The Israeli military says it was “not aware” of the incident near Rafah when contacted by AFP.
IDF says some 90 terror targets hit in Gaza over past day; Palestinian media reports dozens of casualties
The Israeli Air Force struck approximately 90 terror targets in the Gaza Strip over the past day, including buildings used by terror operatives and tunnels, the military says in a daily update.
Dozens of casualties were reported by media outlets in Gaza over the past day, though there are no immediate tolls announced by the Hamas-run health ministry or other authorities.
The strikes come as five IDF divisions, made up of tens of thousands of troops, continue ground operations across the Strip.
Palestinians say 26 killed in shootings near Gaza aid sites
Gaza’s Hamas-run civil defence agency says Israeli fire killed 26 people and wounded more than 100 near two aid centers in the south of the Strip.
Agency spokesman Mahmud Basal, who Israel accuses of being a Hamas operative, tells AFP that 22 were killed near a site southwest of Khan Yunis and four near another center northwest of Rafah, blaming “Israeli gunfire” for both.
The Israeli military said it was “looking into” the claims.
Hundreds of people have been reported killed in incidents of shooting near the aid centers run by the US- and Israeli-backed Gaza Humanitarian Foundation.

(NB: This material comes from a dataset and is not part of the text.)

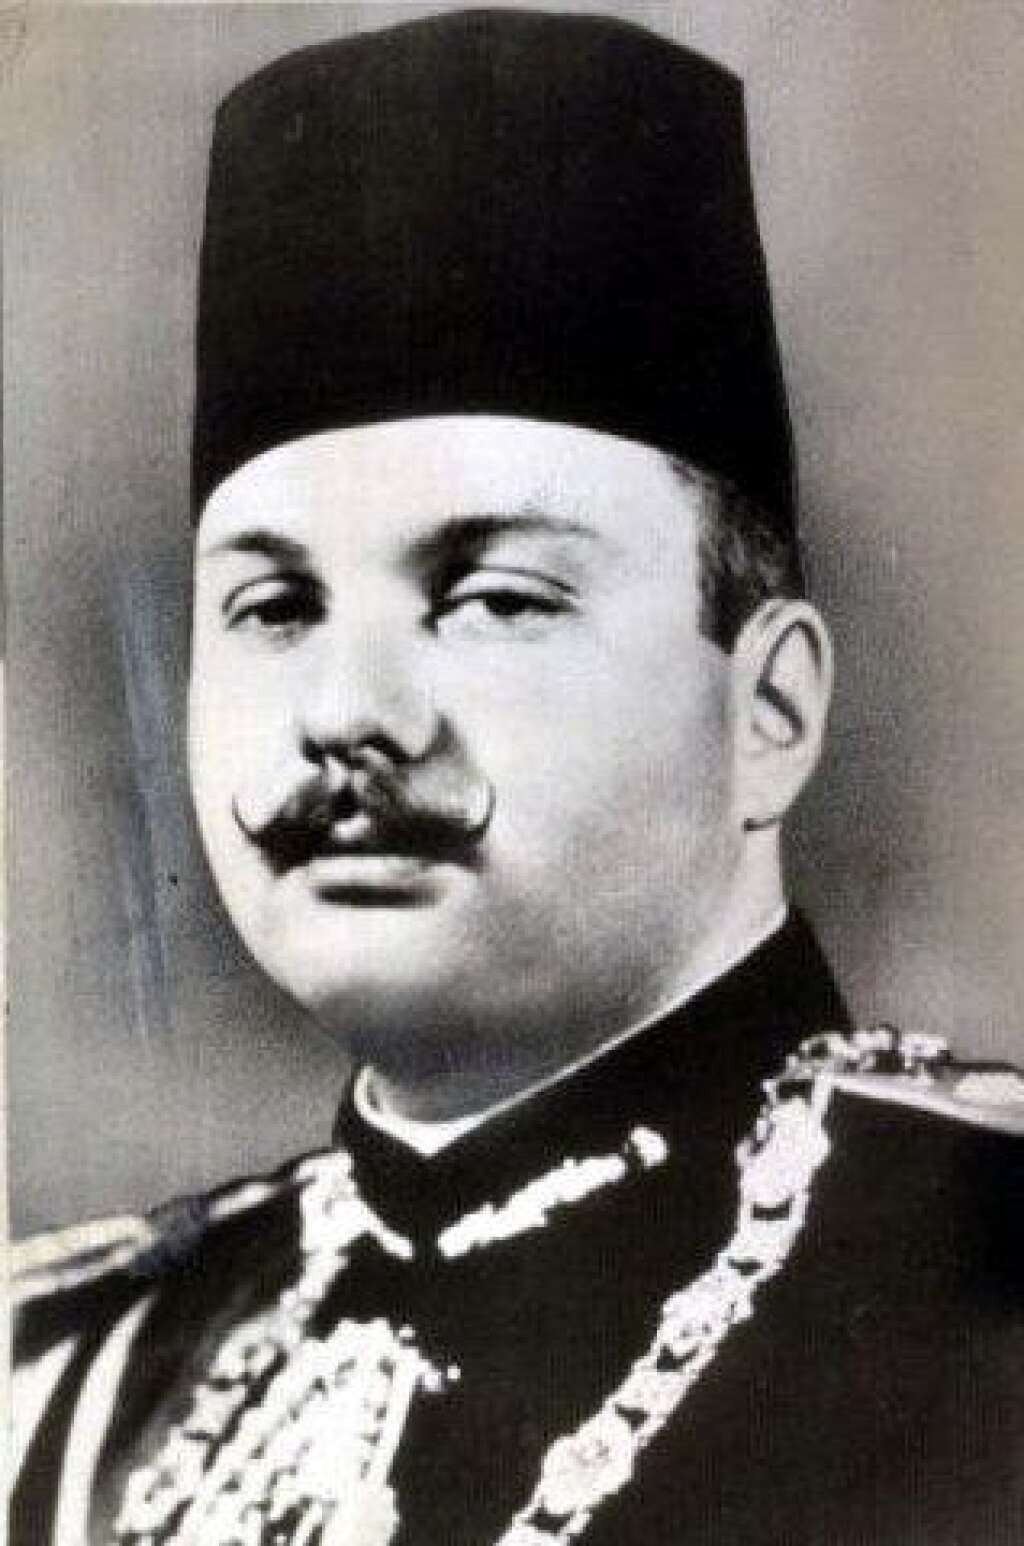 Farouk Ier - Le roi Farouk Ier d'Egypte abdique en juillet 1952 lors de la révolution menée par Nasser, seize ans après son accession au trône. Son fils, Fouad II lui succède, mais est contraint de rejoindre sa famille en exil après la proclamation de la République moins d'un an plus tard, en juin 1953.

Israel denies shooting at people waiting for aid, but says it has fired warning shots at those who come to close to troops.
One eyewitness said he headed to the Al-Tina area of Khan Yunis before dawn with five of his relatives to try to get food when “Israeli soldiers” started shooting.
“My relatives and I were unable to get anything,” Abdul Aziz Abed, 37, tells AFP. “Every day I go there and all we get is bullets and exhaustion instead of food.”
IDF: Troops ‘fired warning shots’ near Gaza aid center when Palestinians approached ‘in way that threatened forces’After Gaza’s Hamas-run civil defense agency reported that 26 Palestinians were killed and over 100 were wounded near aid distribution sites in Rafah, the IDF says it is aware of reports of casualties after troops fired warning shots.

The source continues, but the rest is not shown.